Our poor ability to understand people – social cognition
This wasn’t a precise quote. The comment was way more complex. The observation was that we don’t really have a great ability to accurately understand other people and the consequences of getting things wrong leads us to prefer our biases. We reflexively default to bias because we assume our bias is more accurate – or at least safer.
I think I developed a cannier ability to assess people in professional settings, probably because having an acquired disability stimulated a need to be strategic in assessing how other people saw me. I lost any sense of an automatic right to be included unconditionally.
The importance of shared decision making
David Rock affirmed the value of making decisions in a group or team. If there’s no assurance that we can make unbiased decisions alone, we still can’t be assured that sharing decision making with people who are ‘one of us’ will improve the odds.
The benefit of genuine diversity is that we can dilute that risk markedly. I have argued that bar professional recruiters, an organization should have a panel of accredited independents who participate on selection panels. The panel members might be drawn from ERG members and have an assured independent status.
By genuine diversity I mean avoiding the potential for tokenism without status or power. We can create illusions of diversity because of appearance, but not thought. We can engineer situations where ‘diverse’ people have no standing to give a diverse perspective genuine impact.
Conclusion
Bias in the workplace has been a persistent concern that has not been ameliorated by efforts to address it for as long as we have tried. The problem has been that we have misdiagnosed the problem. Bias is natural and firmly hardwired into our psyches. It isn’t a flaw. Its just not appropriate in certain settings.
It can be addressed in the workplace by creating situations where it is less likely to prevail. The key insight from research is that decisions made on behalf of an organization should not be made by one person but by a team of genuinely diverse people who have the standing to speak with impact.

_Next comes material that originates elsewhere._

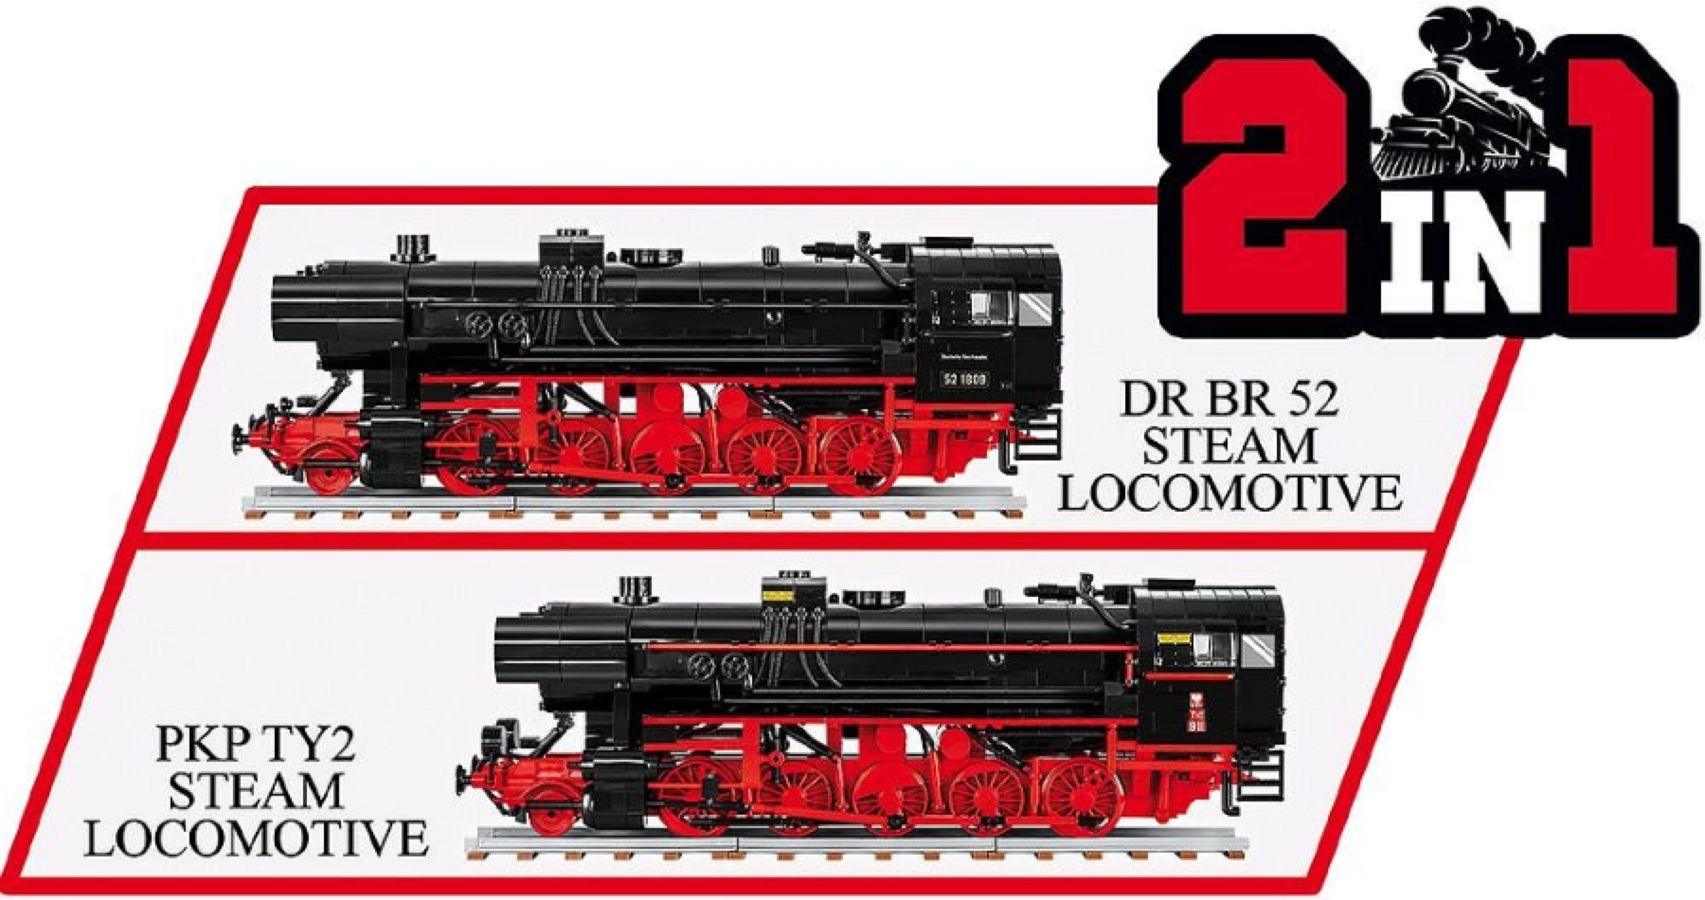 COB6283 Trains - DR BR 52/TY2 Steam Locomotive 1:35 Scale [1723 Pcs] - Cobi - Titan Pop Culture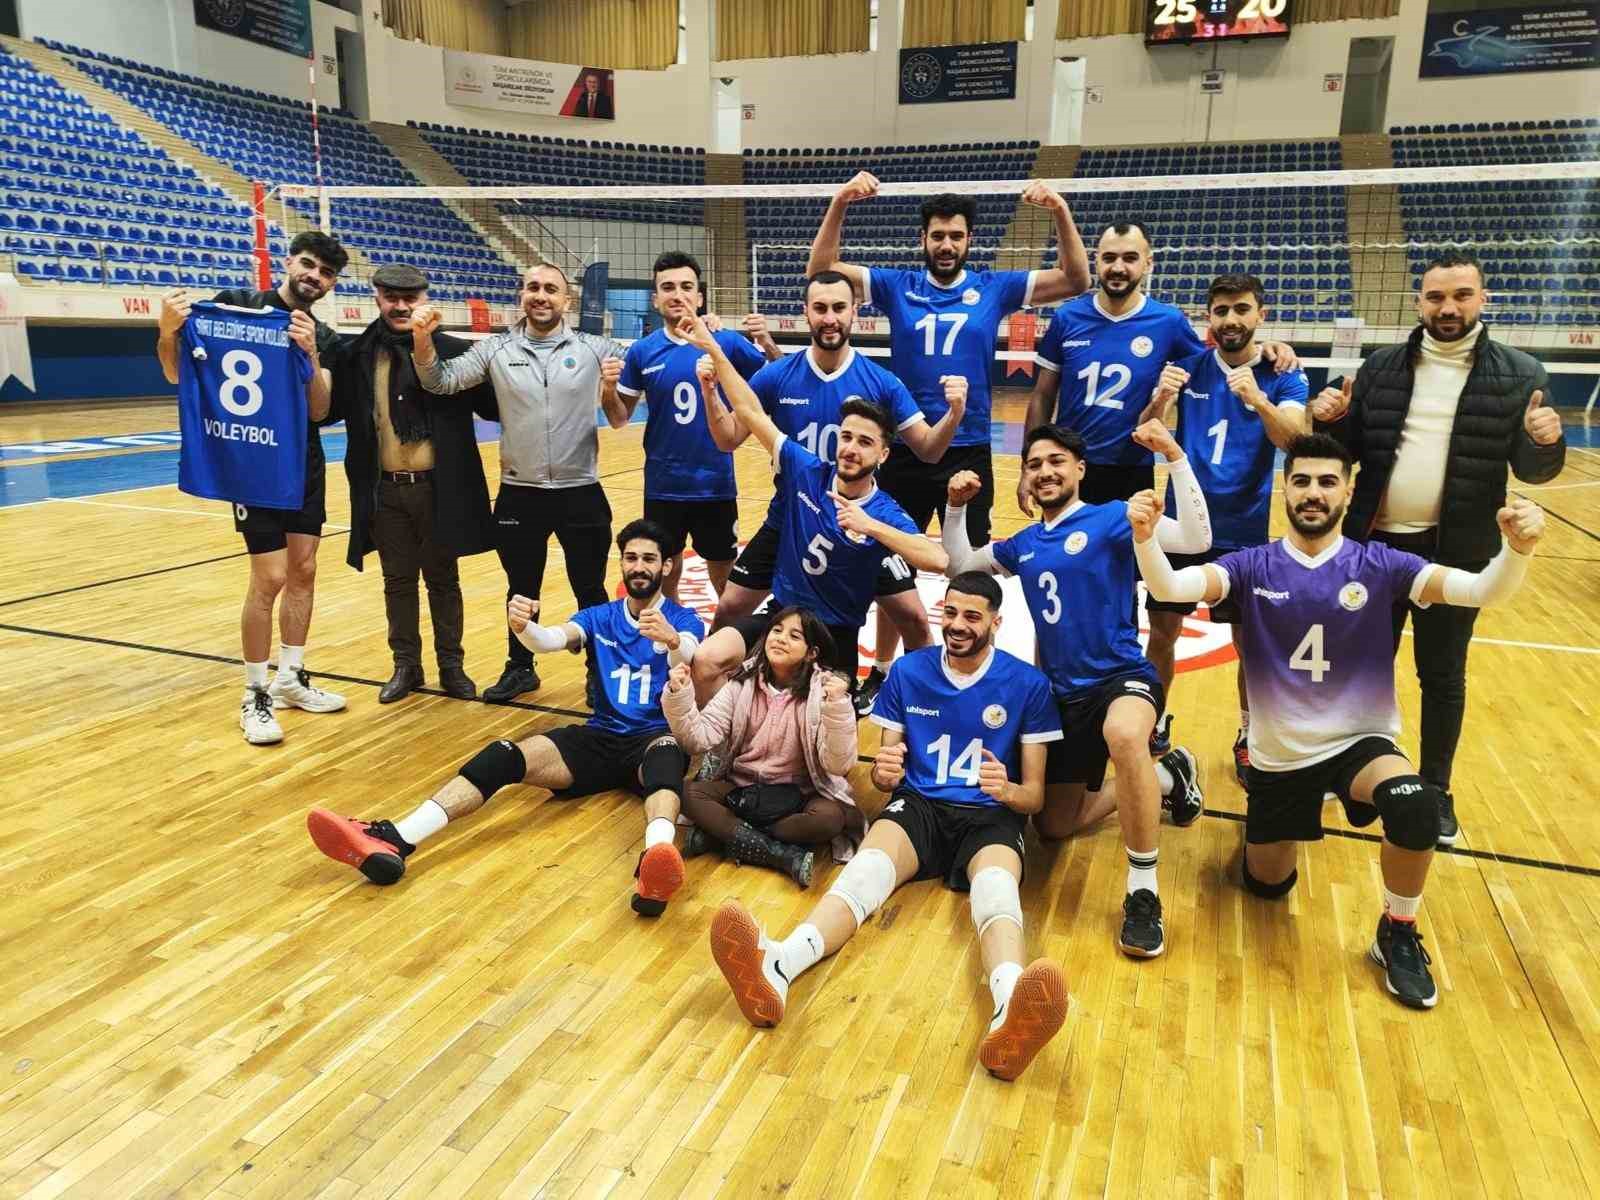 Siirt Belediyesi Erkek Voleybol Takımı play-off oynamaya hak kazandı

I will add three other factors. The first is that decision makers really should have an informed appreciation of what bias is. The second is that there must be a genuine determination not to be guided by bias. The third is that the organization must have a culture which is committed to engaging with bias as an accountable factor in how it operates.
David Rock made a critical observation. We tend to focus on bias in relation to recruitment, but it influences decision making in general. It is, in fact, an inherent risk in all management and leadership decisions.
I’ll add a final insight. Bias influences our decisions in every aspect of our lives. We are thinking about it here in the context of workplaces because when we go from the personal to the professional, we are expected to operate to a different standard – one that has ethical and legal implications.
Bias in our private lives is our business. But it is useful to be aware that among the consequences of exercising our personal liberty to decide as we will is that we can be manipulated to make choices that are not in our interests. Bias can be weaponized against us. Understanding what it is has personal as well as professional implications.
Bias has played a vital function in our evolution because it saved us critical cognitive effort at times when we needed to pay attention to other things. But any strength can be manipulated, and no more so than now – in times when our assent is sought with such sophisticated skill.
I am quite content that I am biased, but I am immensely grateful that I now know I am. Because I can be aware of my capacity for bias I can also reality check my belief that I am being impartial in my decisions. There is always an option to run a decision by colleagues who might challenge what I have preferred.
It’s always a choice. Do you want to be right in your own eyes? Do you want to be fair in others’ eyes?